The strongest opposition party in the Bratislava parliament, Irány (Smer-SD), led by Robert Fico, would win the early parliamentary elections to be held in Slovakia in September.
The Focus pollster polled more than a thousand people in the last days of May, and according to the results, the left-wing Irány would win the elections with 18 percent of the votes.
The results of the Focus survey coincide with the results of most public opinion polls published in recent months, in which the party of the multiple former prime minister, Robert Fico, usually showed the highest support.
The Social Democratic Voice (Hlas-SD), the party of former Prime Minister Peter Pellegrini, who left Irany earlier, received the second largest support from Focus, with 17.4 percent of those participating in the public opinion survey voting for them. In the survey, the former party of President Zuzana Caputová, left out of the legislature in the last parliamentary election, the liberal Progressive Slovakia (PS) came in third place, with 12.5 percent support.
According to the results of the public opinion poll, a total of eight parties would enter the future Bratislava parliament.
In fourth place is the non-parliamentary, national radical Republic (Republika) with 9.7 percent, and in fifth place is the centre-right party of the current president of the legislature, Boris Kollár, We Are Family (Sme rodina) with 6.6 percent.

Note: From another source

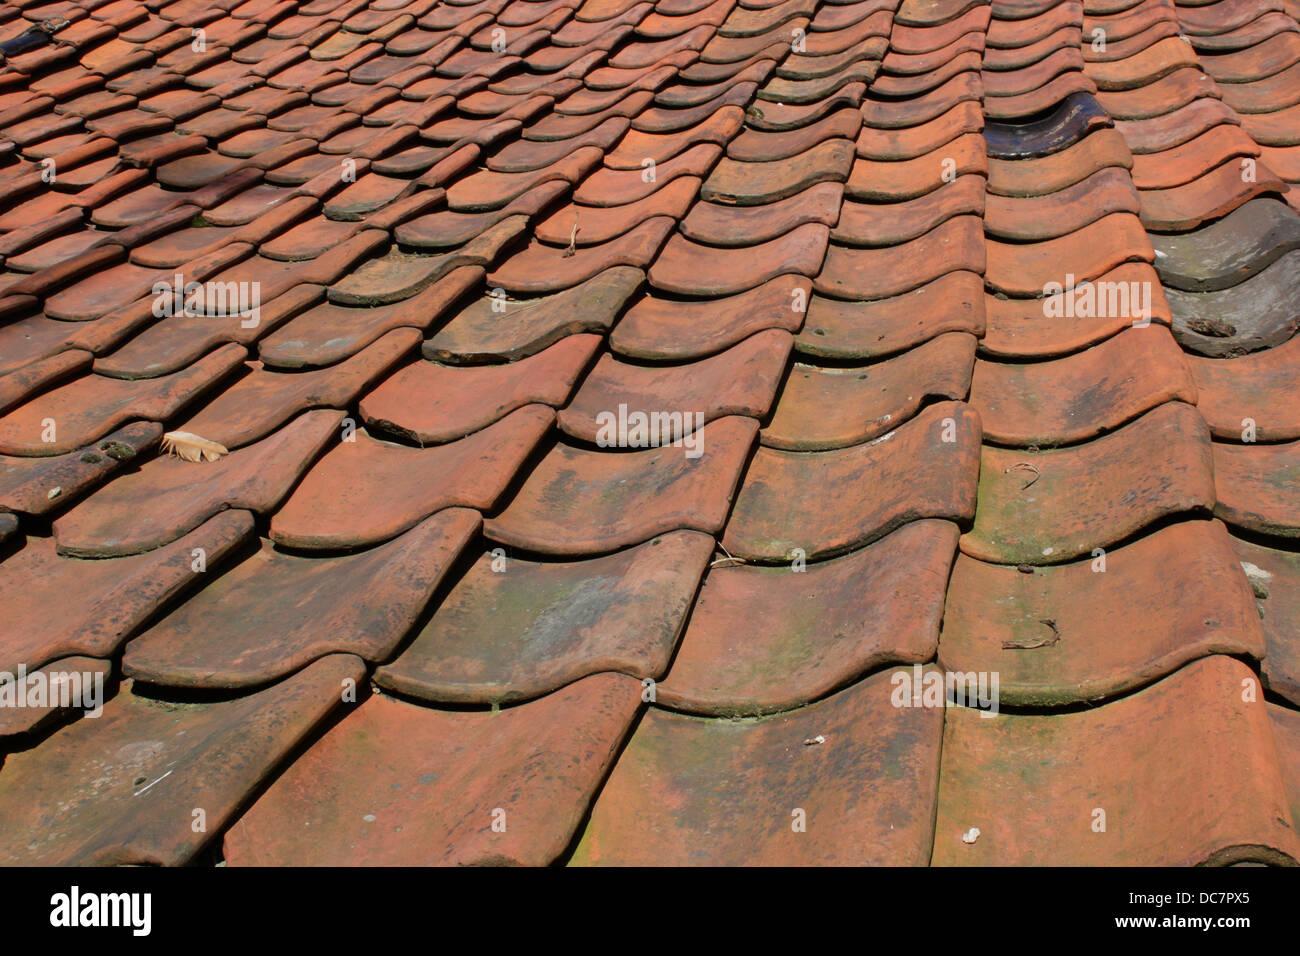 red roof tiles stockfotos red roof tiles bilder alamy. Black Bedroom Furniture Sets. Home Design Ideas
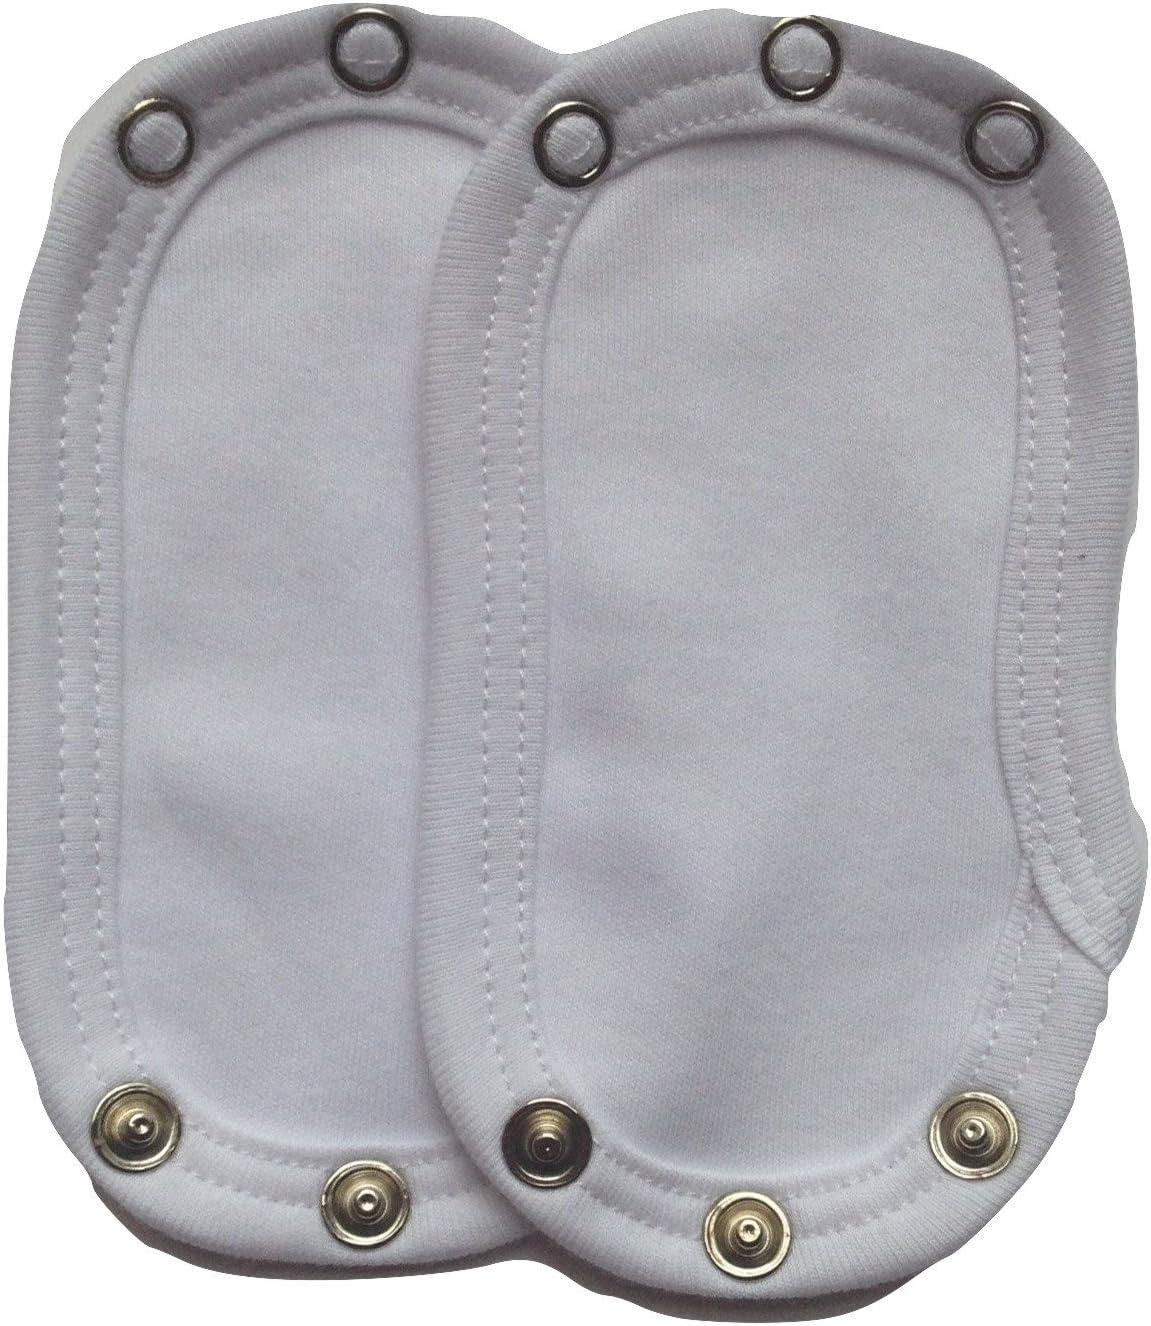 dtailz Gilet pour bébé/body Rallonge x2: Amazon.es: Bebé

The Christian Democratic Movement (KDH), which has been out of parliament for several election cycles, would also cross the 5 percent threshold necessary to enter the parliament, achieving a result of 5.5 percent. The strongest party of the current legislature, the centrist Simple People and Independent Personalities (OLaNO) movement led by ex-prime minister Igor Matovic and renamed OLaNO and Friends (OLaNO a priatelia) would finish in seventh place with 5.3 percent.
According to the opinion poll, the liberals who were part of the government coalition until last September, then left, and played a leading role in the overthrow of the government in December, would still enter the parliament: the expected result for Richard Sulík's Freedom and Solidarity (SaS) was 5.3 percent.